EXERCISE INSTRUCTIONS: Please write out only the lines from the line with "CT128M550SSD1 Crucial M550" to the line with "S&P 500 indeksi tõus.", inclusive, exactly as they stand below, without the pictures.

MATERIAL SUPPLIED:
============================================================

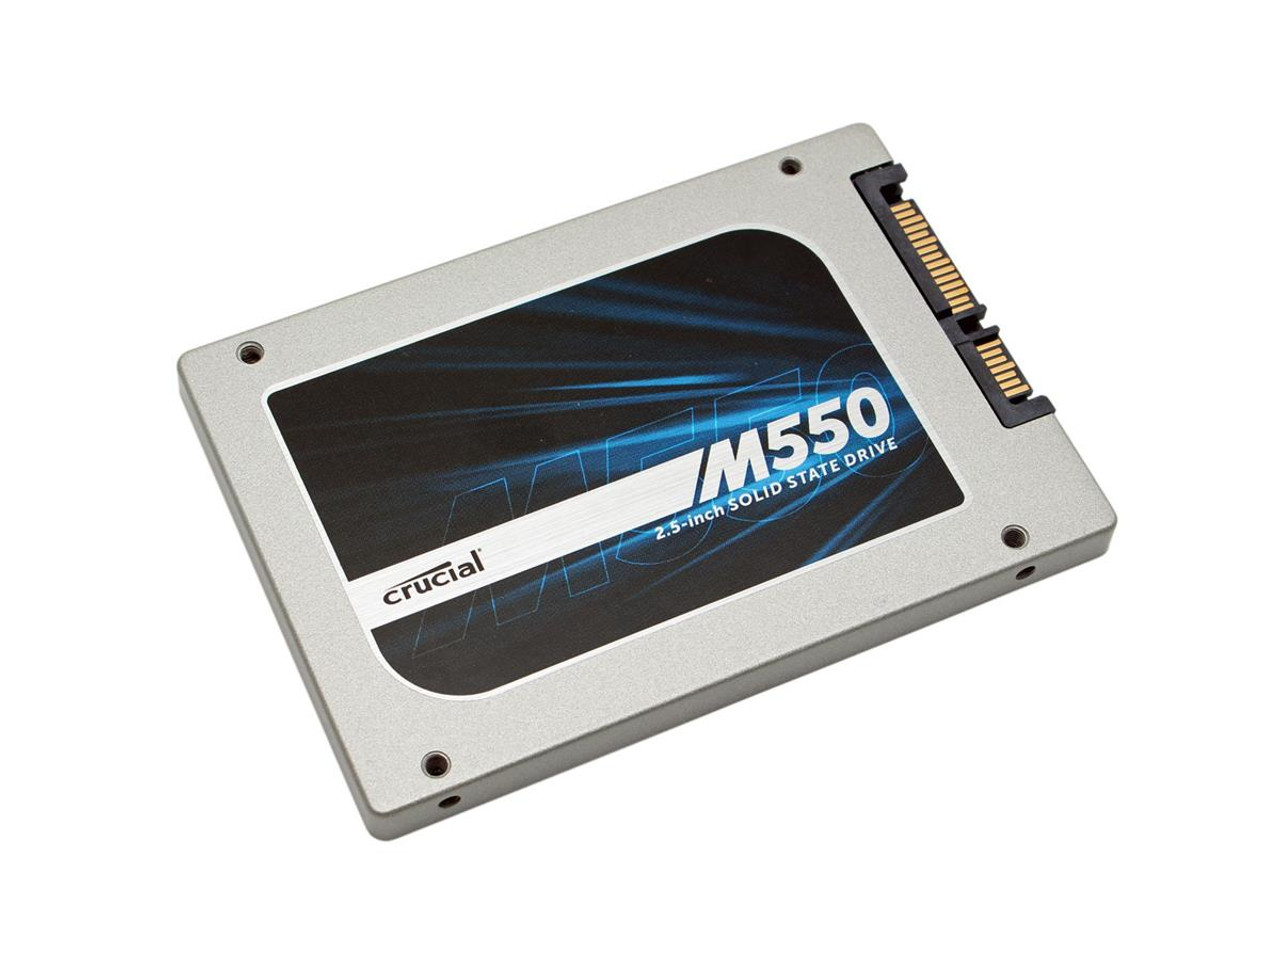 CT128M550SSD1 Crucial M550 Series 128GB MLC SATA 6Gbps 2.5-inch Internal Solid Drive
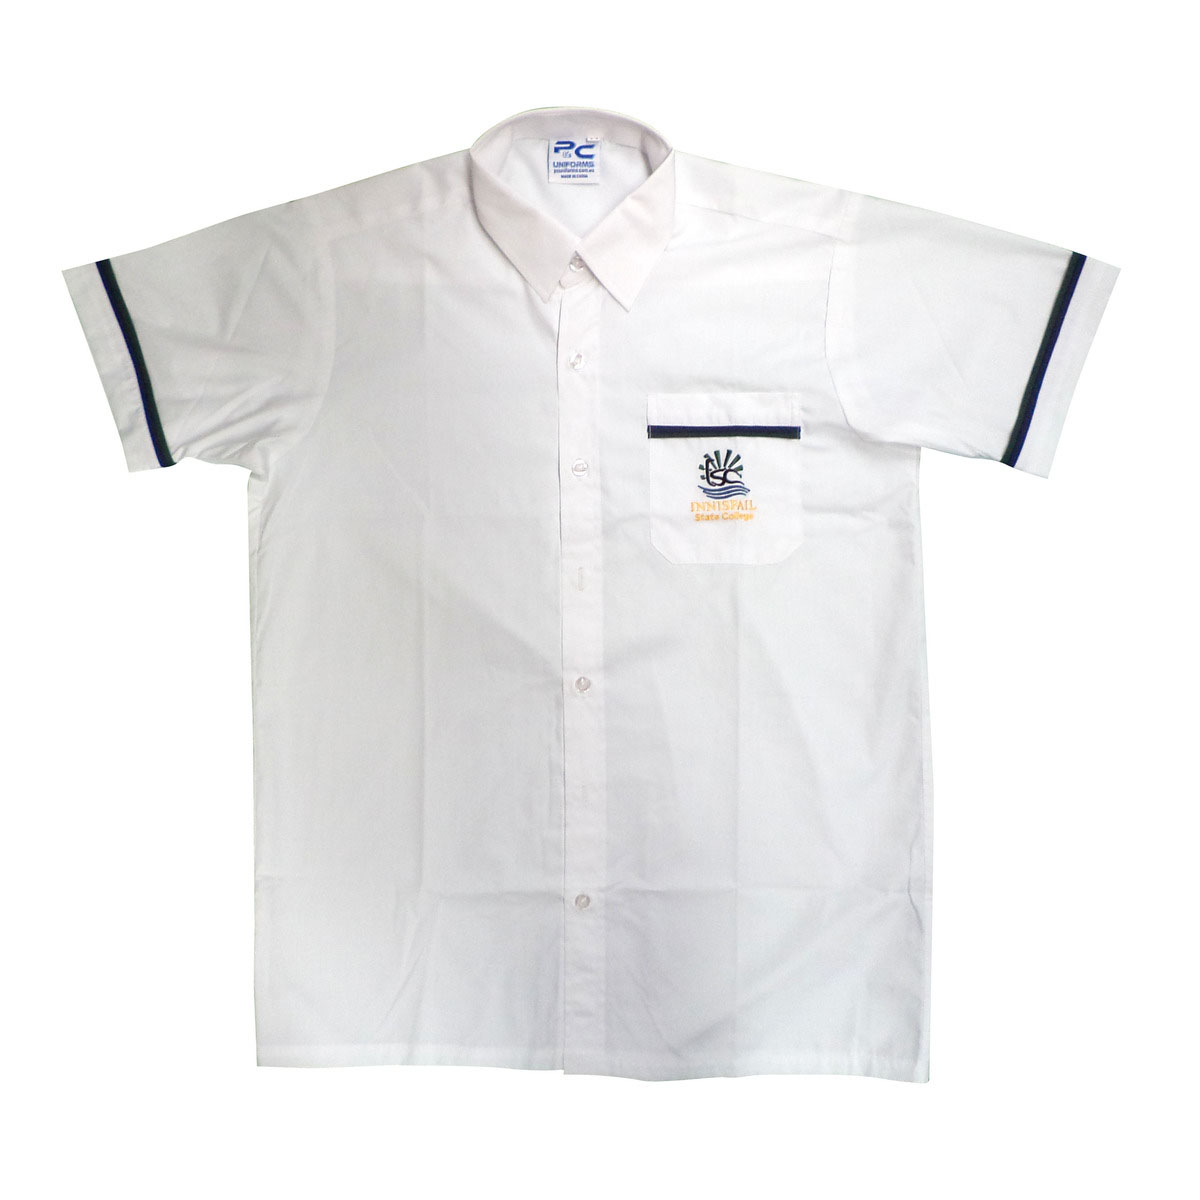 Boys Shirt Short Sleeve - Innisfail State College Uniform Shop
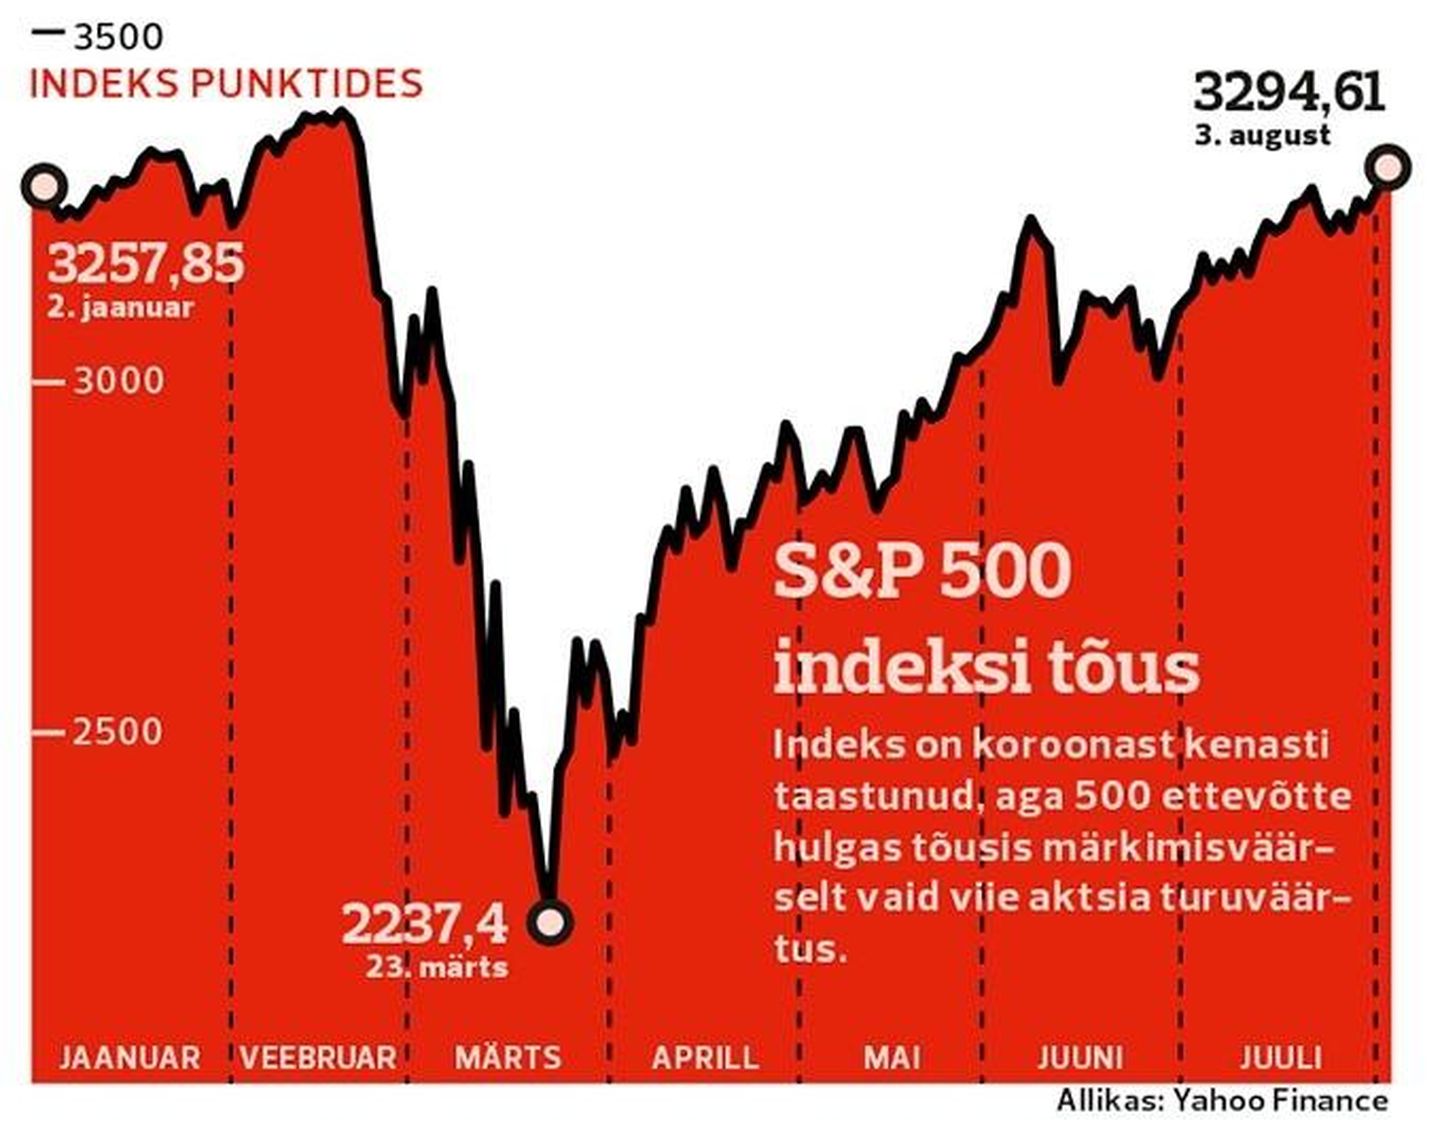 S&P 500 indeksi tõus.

============================================================

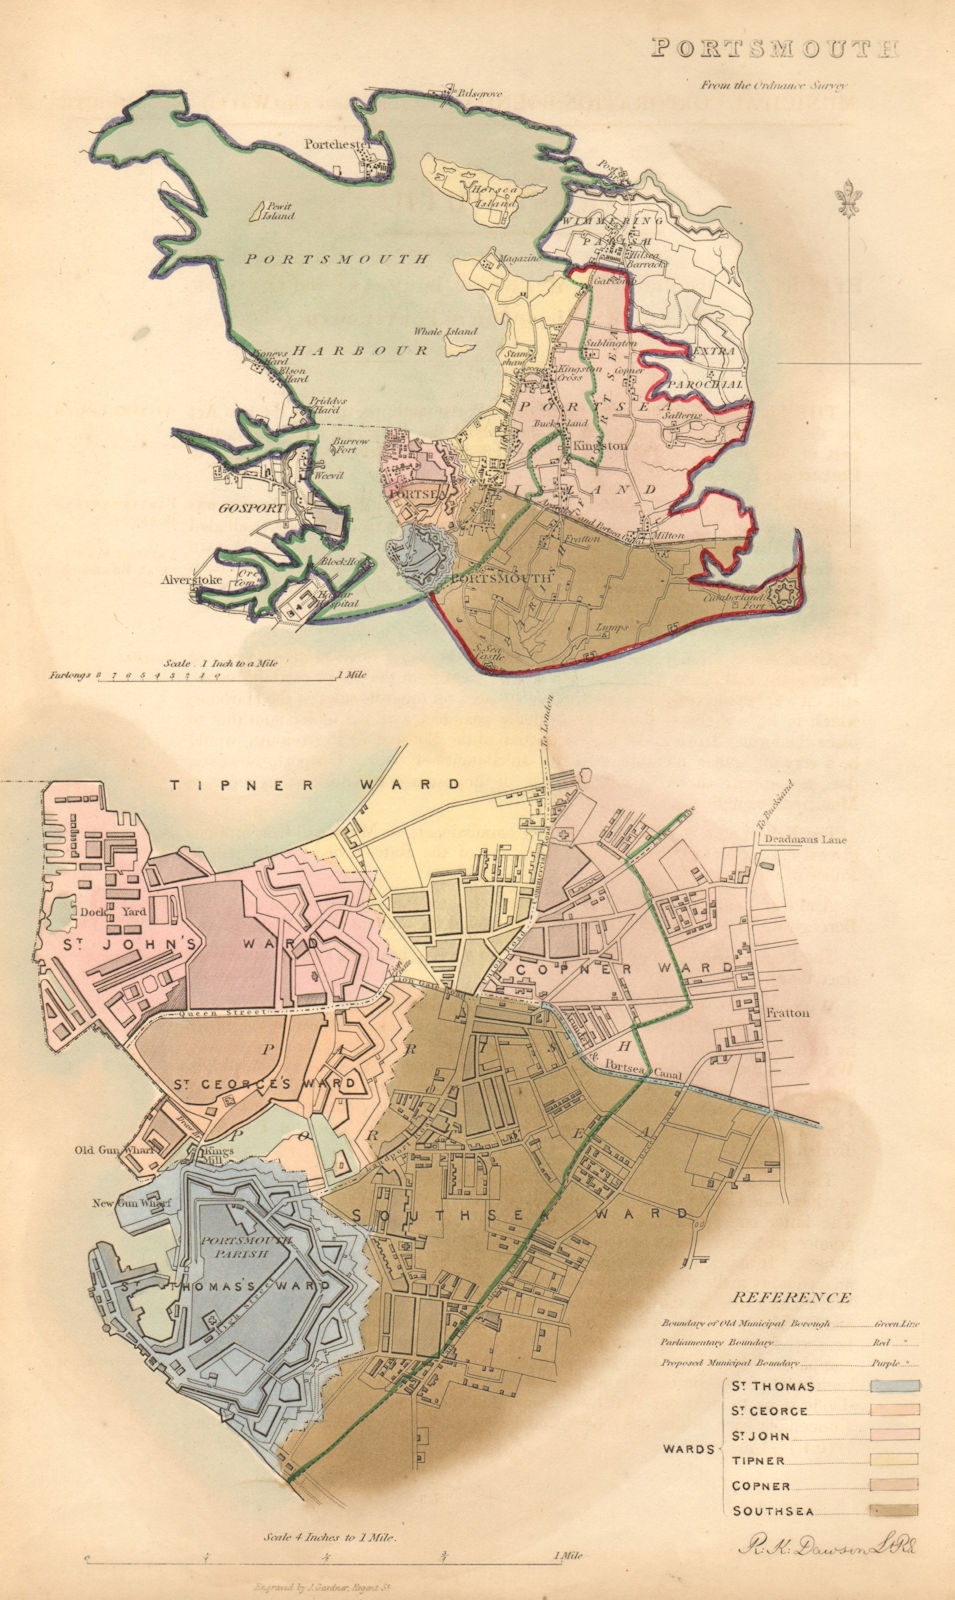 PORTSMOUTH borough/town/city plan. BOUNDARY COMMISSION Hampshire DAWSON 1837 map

============================================================

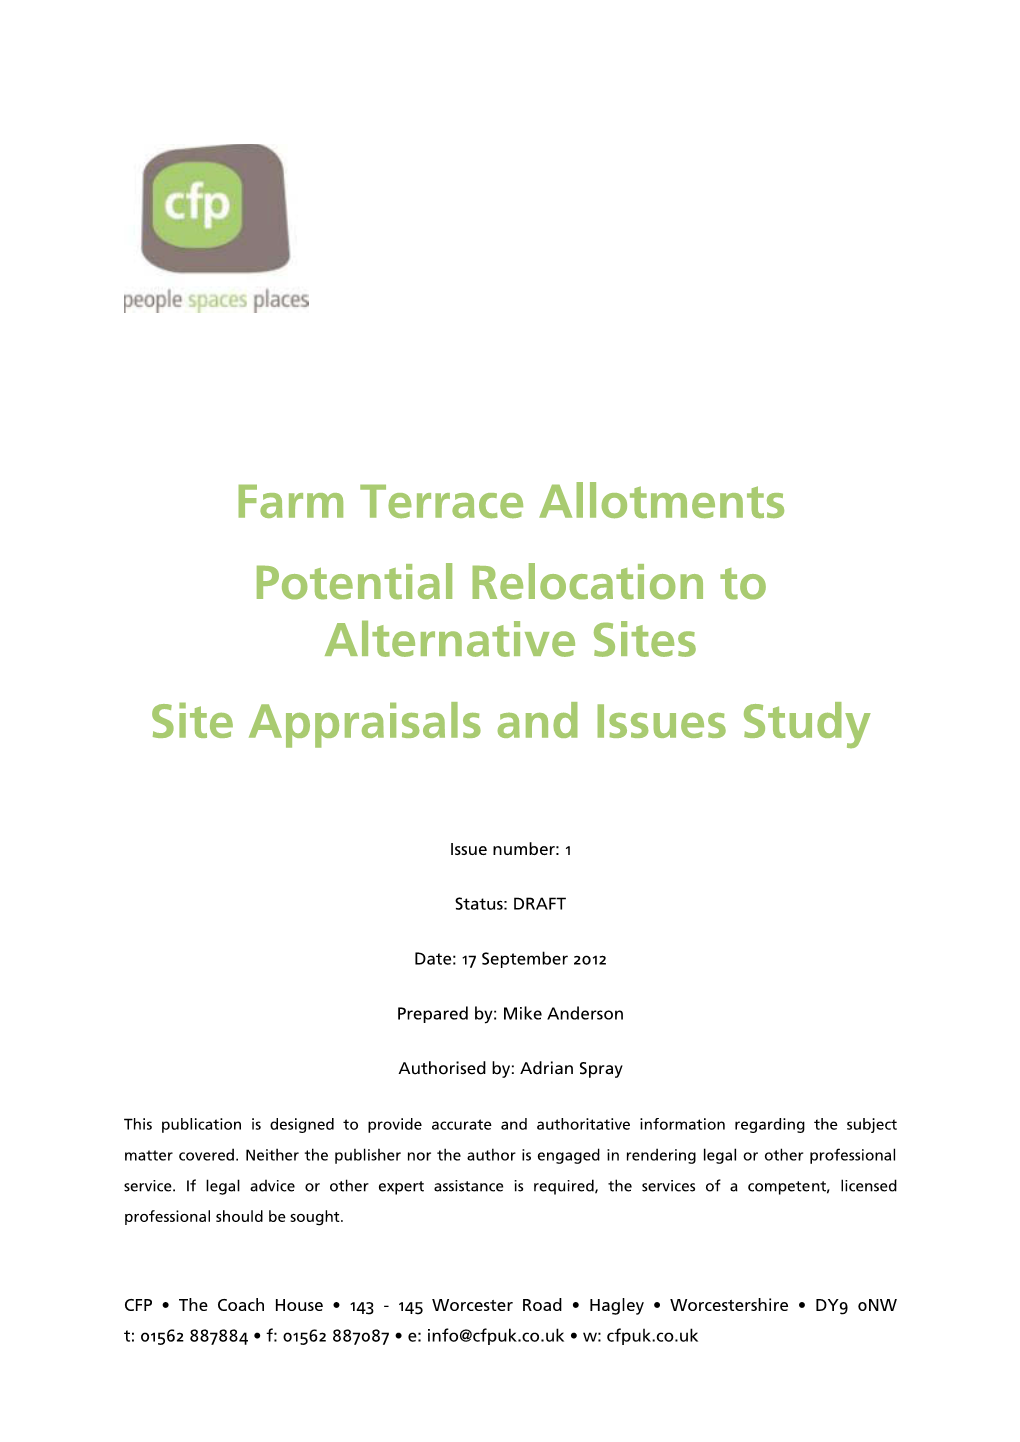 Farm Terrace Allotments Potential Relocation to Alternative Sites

============================================================

COMPLETED TASK:
 CT128M550SSD1 Crucial M550 Series 128GB MLC SATA 6Gbps 2.5-inch Internal Solid Drive
 Boys Shirt Short Sleeve - Innisfail State College Uniform Shop
 S&P 500 indeksi tõus.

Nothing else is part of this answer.